Jobs and the issues associated with them are often a source of friction among committed couples. Whether it's working late or the stress of dealing with difficult colleagues or bosses, the frustrations that build up throughout the workday aren't always left at the front doorstep -- and that's doubly true when both partners face challenges at work.
New research suggests, however, that two-income couples in nurturing relationships are able to better weather workplace turbulence than those who don't get much support from their spouses.
The rise in the number of two-income households means many more couples today are dealing with both the stress of work and home life, says study author, Wayne Hochwarter, a professor of business administration at Florida State University in Tallahassee.
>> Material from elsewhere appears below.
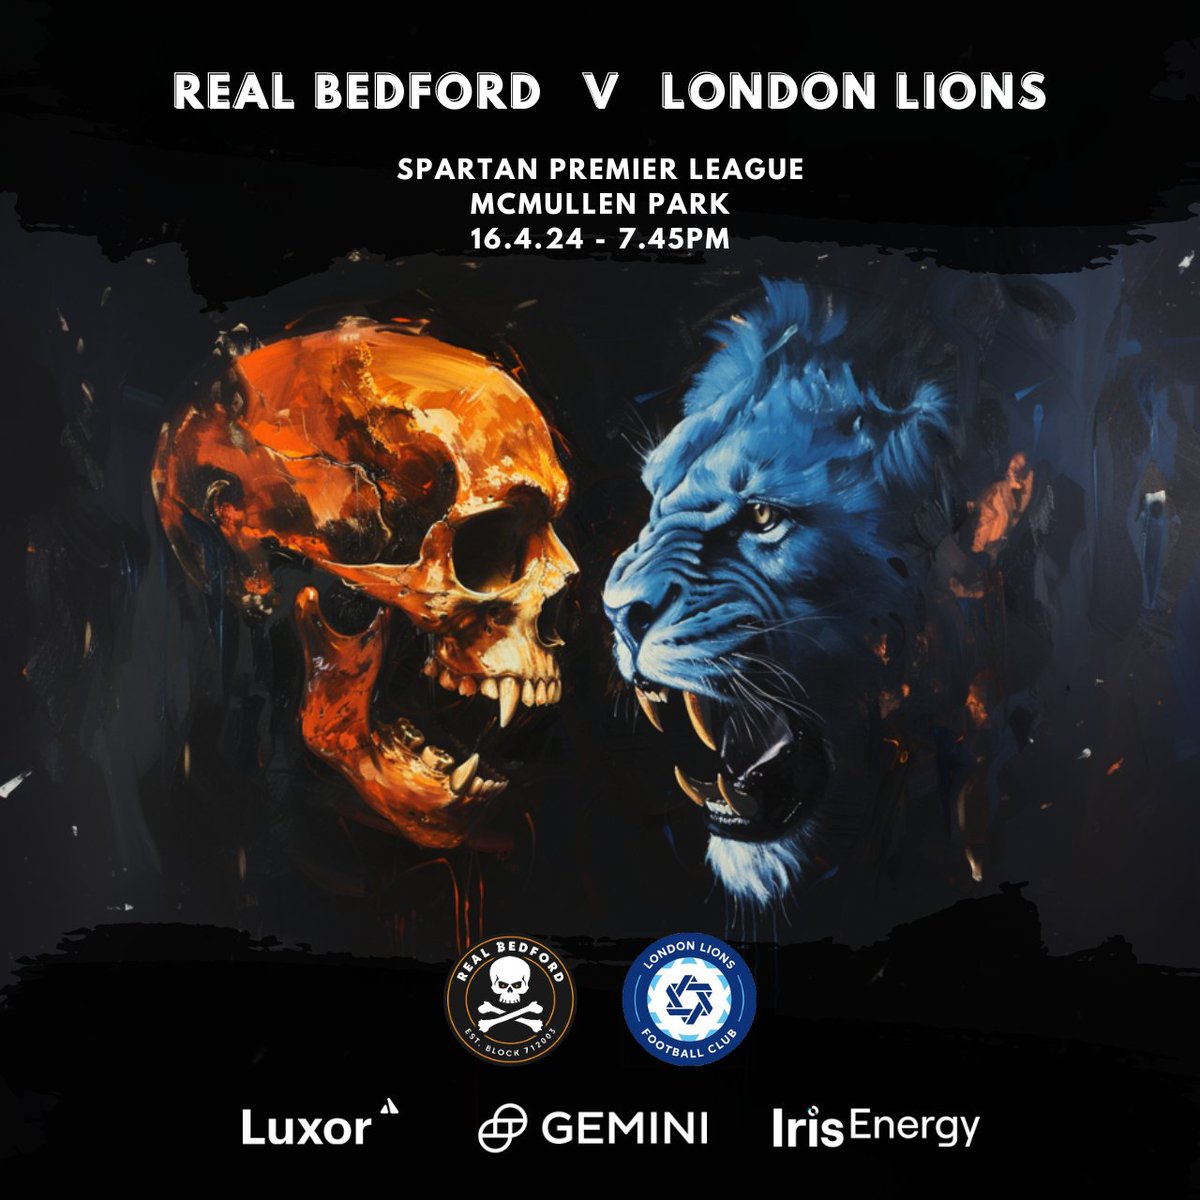 It is the big one tomorrow evening where we can win the league, but we need to beat @LondonLions_. Kick-off is 7.45pm @ McMullen Park. Come down and cheer the lads on. Tickets: realbedford.com/real-bedford-v…

"Given that a lack of support from one's spouse represents a major cause of both divorce and career derailment, this research is needed to address issues that affect both home and work," Hochwarter says in a statement accompanying results of the study.
The study examined more than 400 working heterosexual couples from both blue- and white-collar occupations. Those who reported high levels of stress but strong spousal support -- compared to stressed-out employees without much support -- reported positive benefits, such as:
- 50 percent higher rates of satisfaction with their marriage
- 33 percent greater likelihood of having positive relationships with co-workers
- 30 percent lower likelihood of experiencing guilt associated with home/family neglect
- 30 percent lower likelihood of being critical of others (spouse, children) at home
- 25 percent higher rates of concentration levels at work
"When you're still angry or upset from yesterday's stress, your workday will likely go in only one direction -- down," he says.
Further, Hochwarter says he identified key factors distinguishing favorable from unfavorable support, noting that some attempts to support stressed-out spouses may backfire and make matters worse.
Those who did receive strong support at home, however, shared several common characteristics, including:
- Awareness of one's spouse's daily work demands caused by a lack of resources, deadlines and supervisors
- Understanding that communication lines are open regardless of the circumstances
- Recognizing that distancing oneself from the family or lashing out isn't a practical way to foster help. In fact, it tends to bring out the worst in others -- and even causes the supporting spouse to become distant and act out as well
- Not bombarding the family with complaints about minor workplace irritants.
- Not trying to "one-up" one's spouse in terms of who has had the worse day
- Not keeping a running tab on who is giving and who is getting
The research showed it was most important for spouses to offer support on days when they themselves need it just as much, Hochwarter says. "Successful couples almost always kept a steady supply of support resources on reserve to be tapped on particularly demanding days."